» **Task description**: In the entries that follow, find the line containing "Ridge Vineyards East" and the line containing "Les bassins versants", then copy exactly everything from the first through the second except the pictures.

» **Data for this task**:
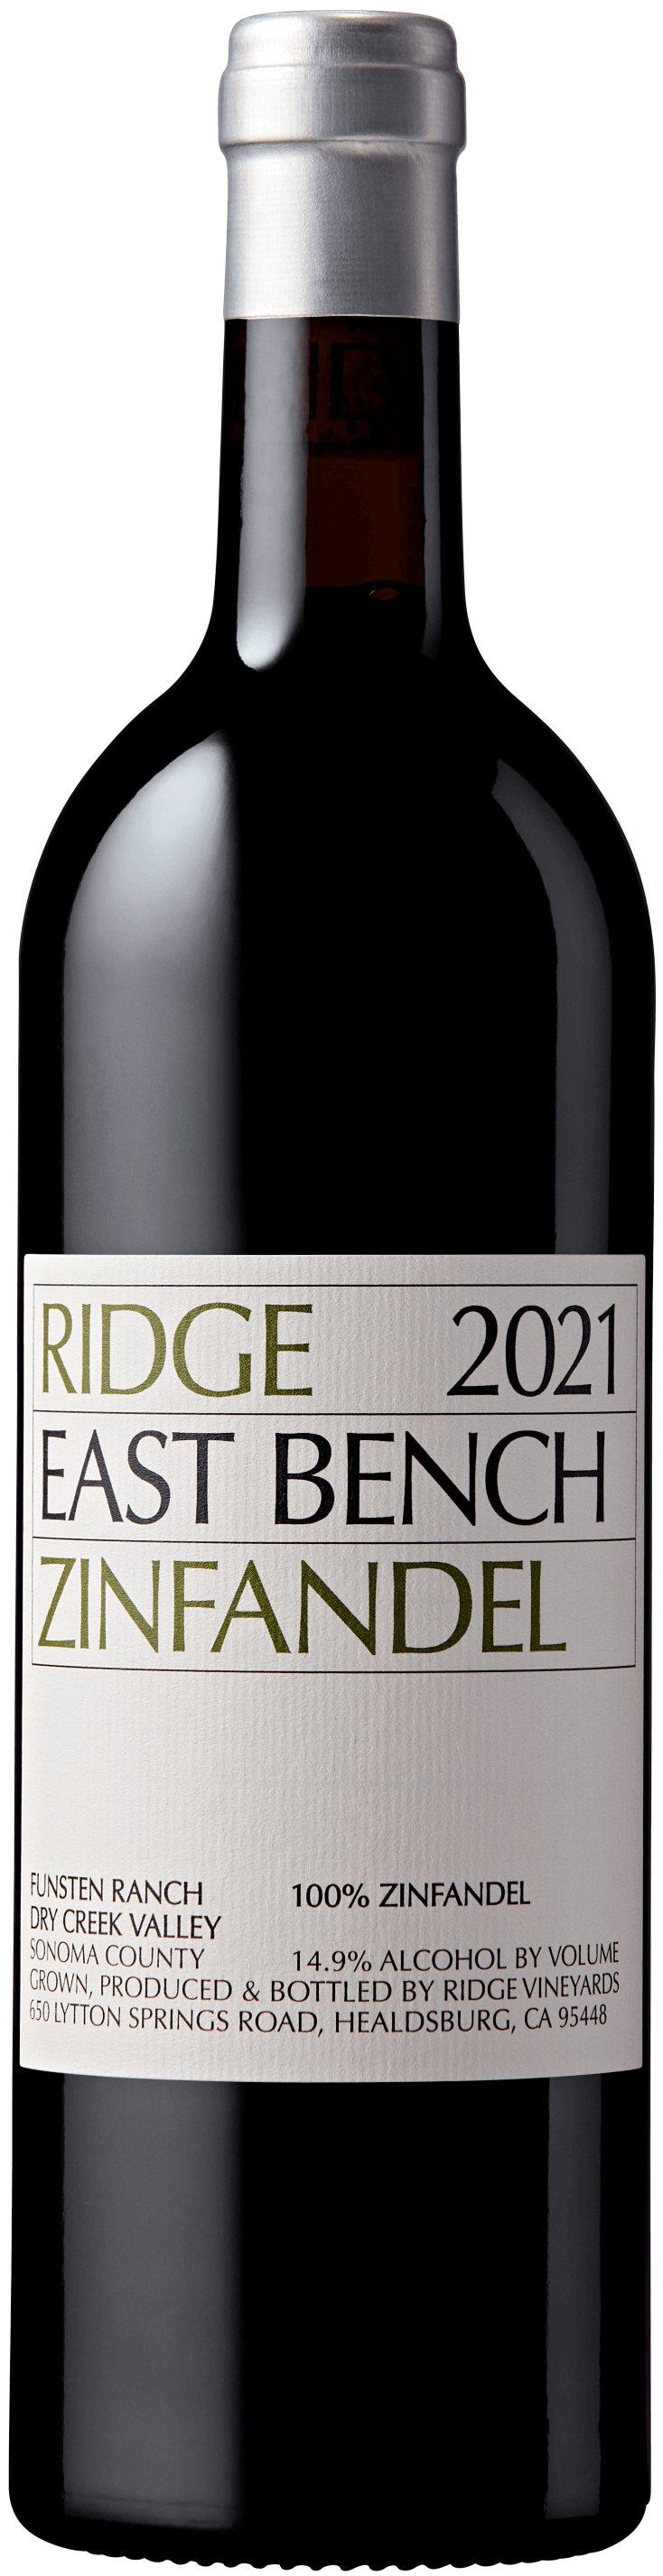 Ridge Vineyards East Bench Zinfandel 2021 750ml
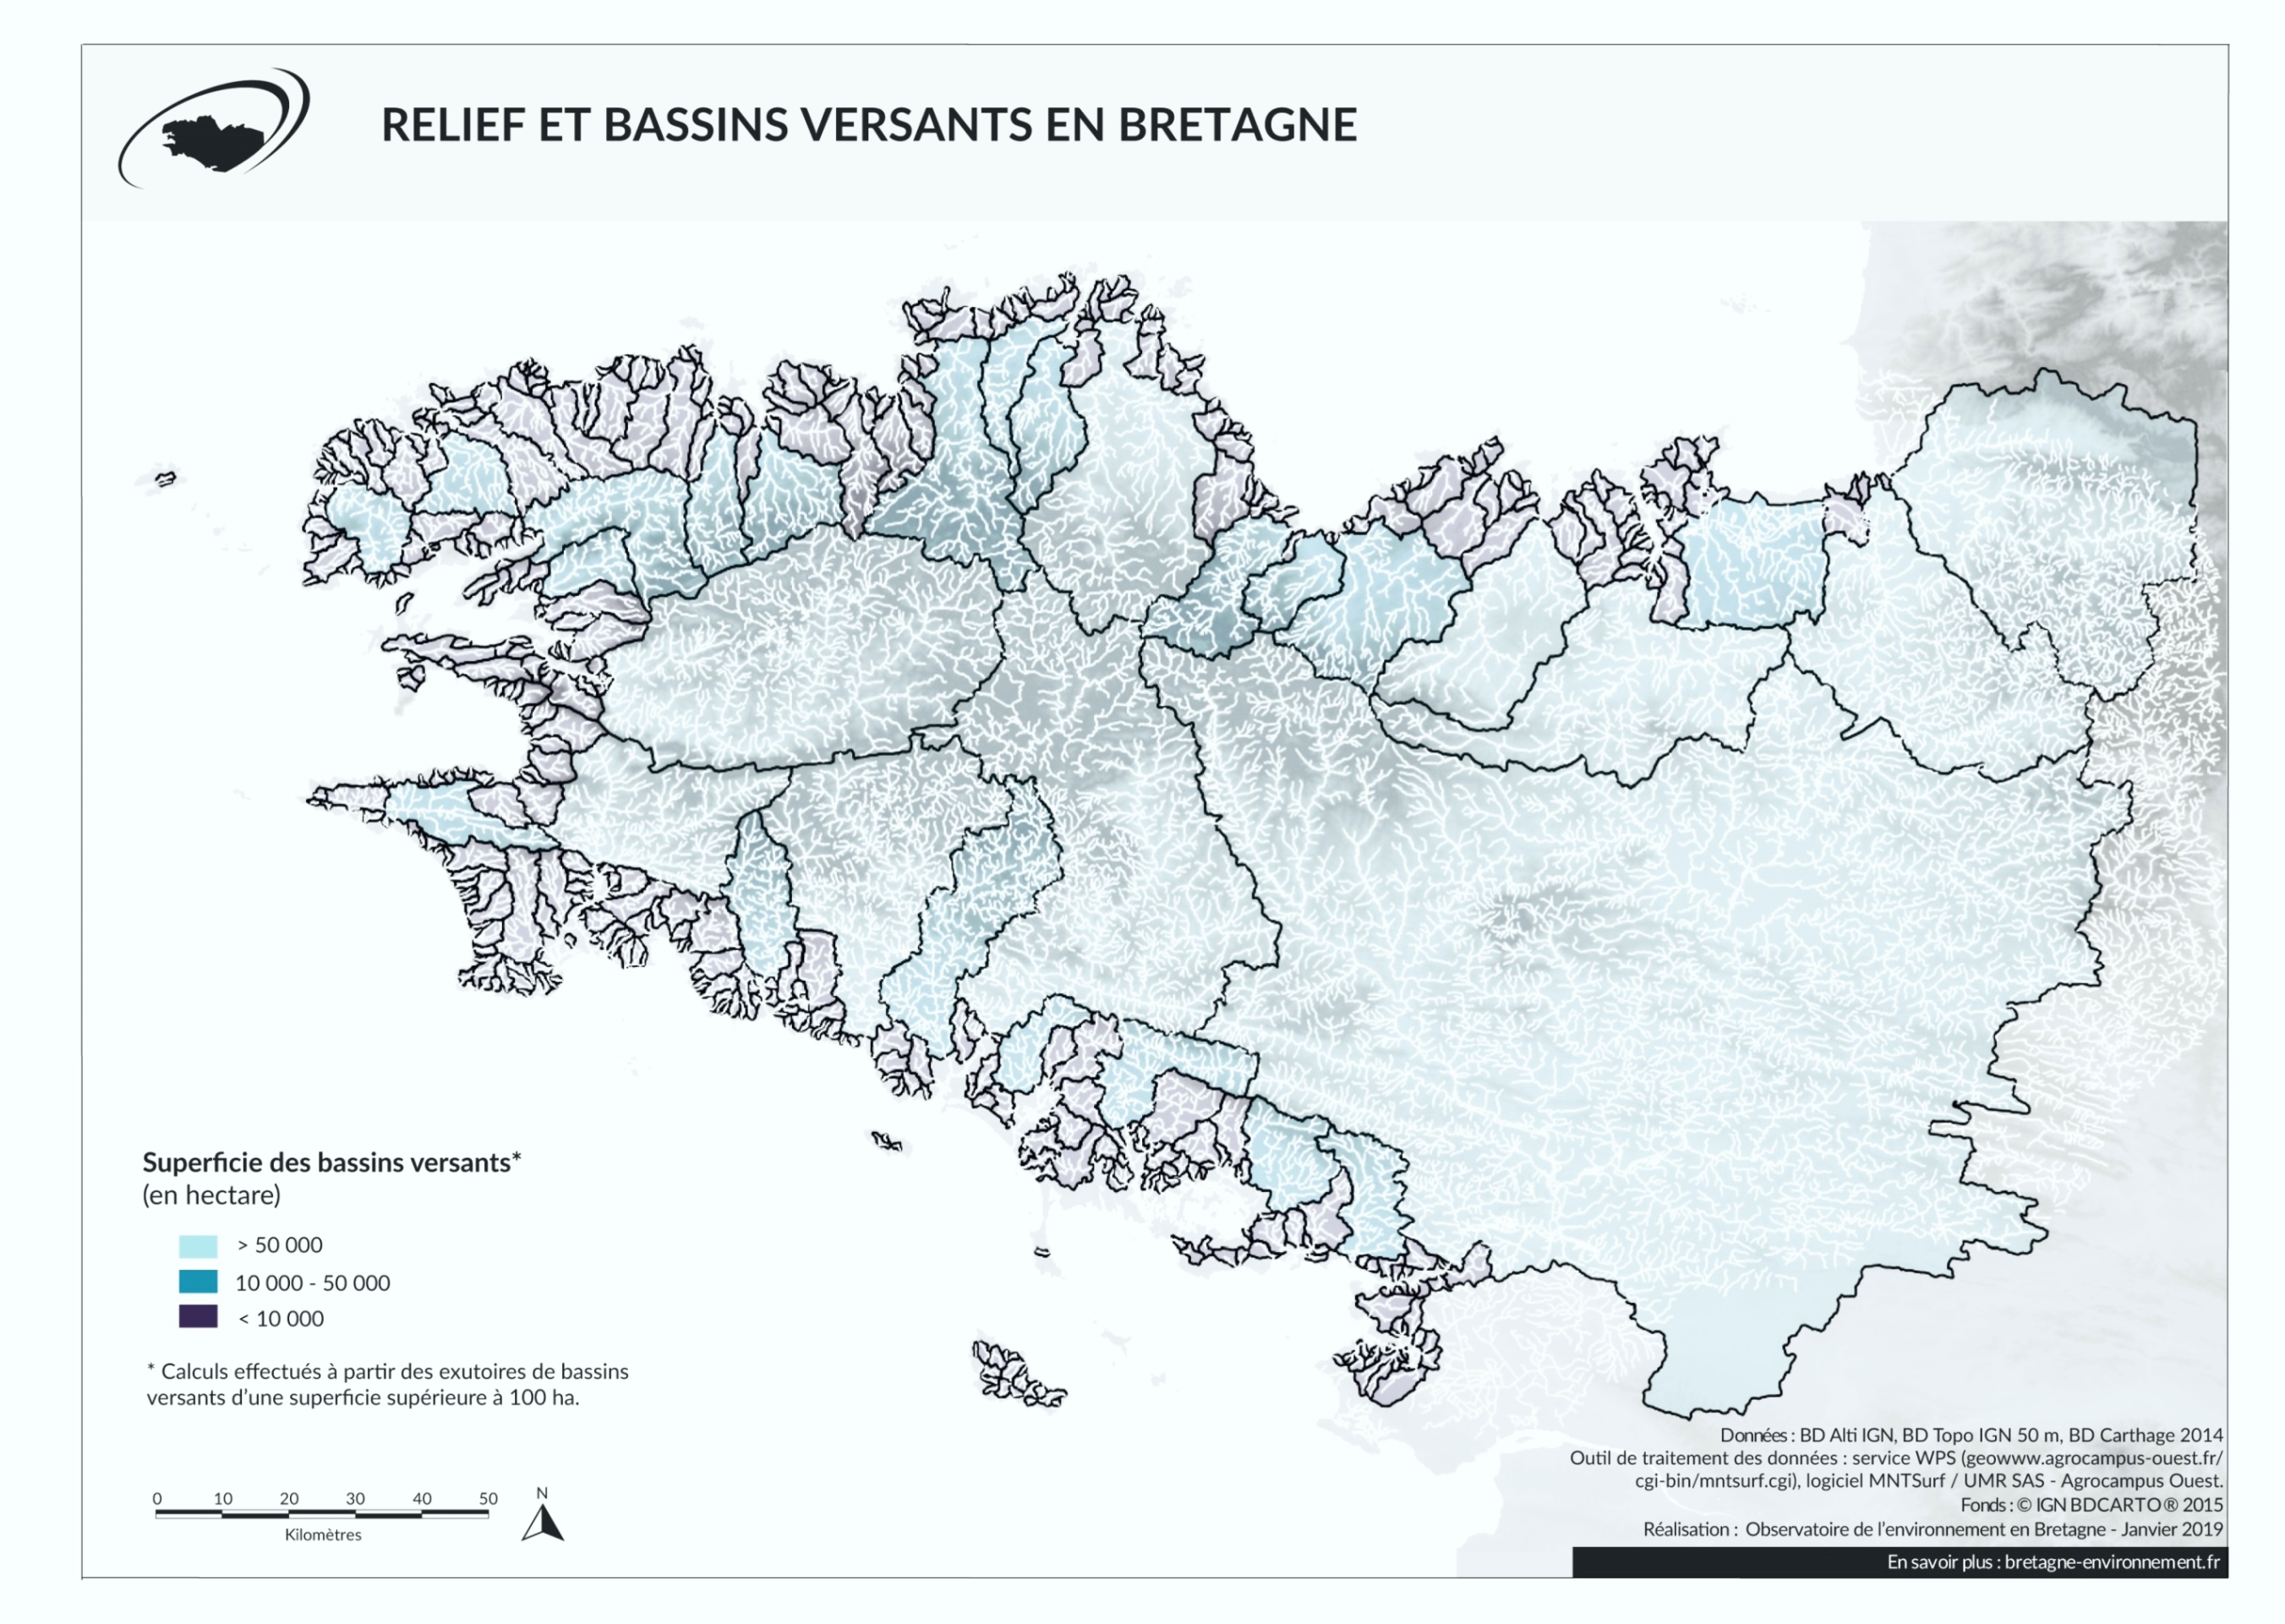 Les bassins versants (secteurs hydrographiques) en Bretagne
==
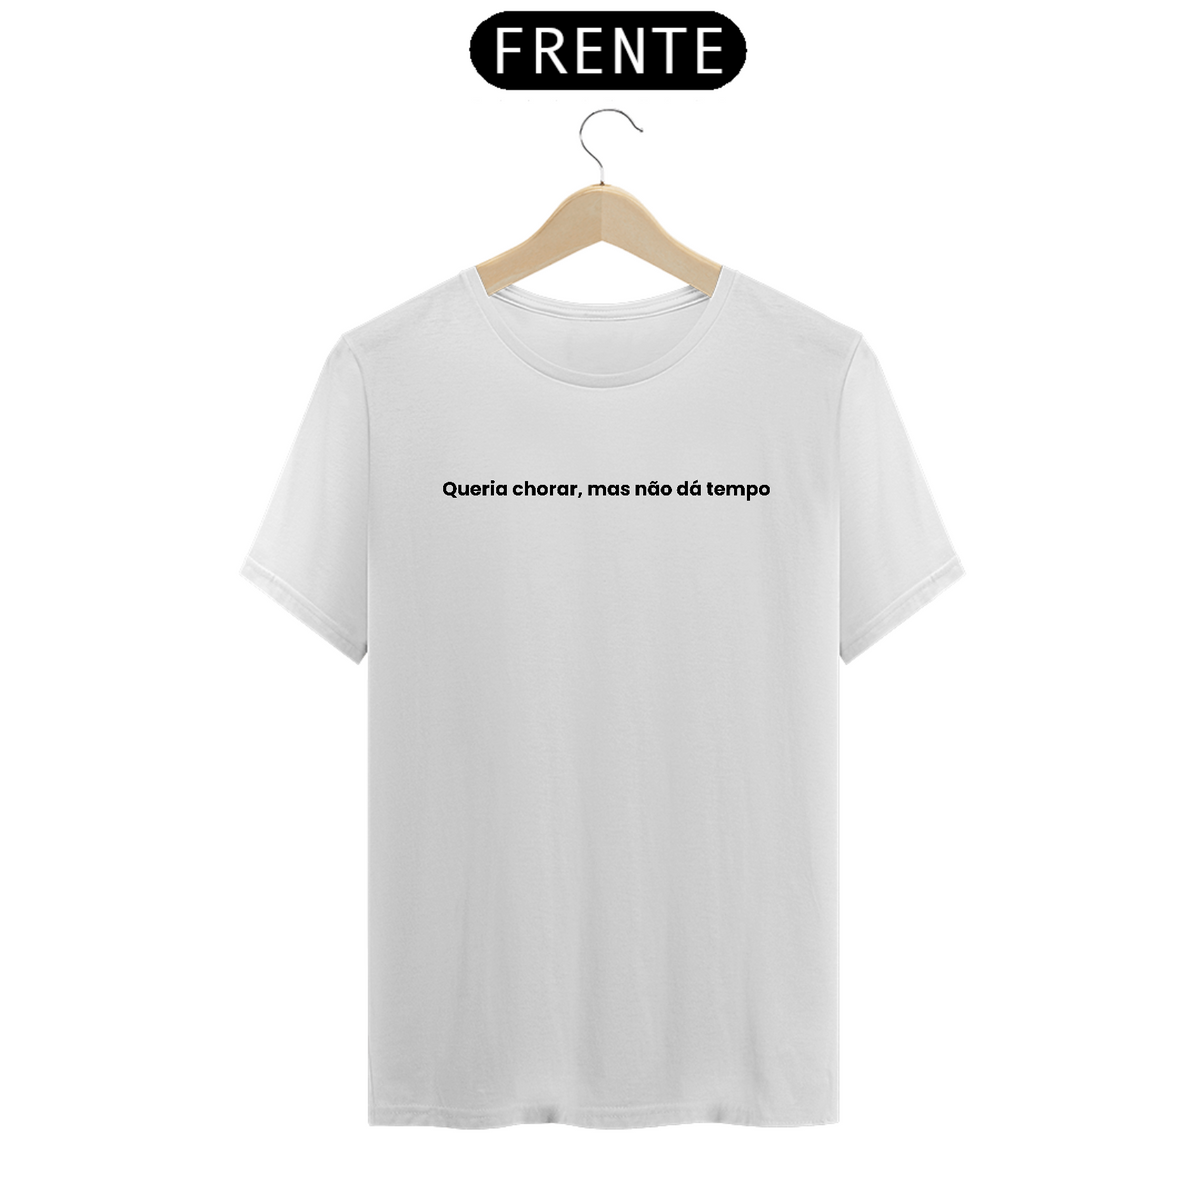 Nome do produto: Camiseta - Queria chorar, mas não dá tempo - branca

» **Your solution**:
 Ridge Vineyards East Bench Zinfandel 2021 750ml
 Les bassins versants (secteurs hydrographiques) en Bretagne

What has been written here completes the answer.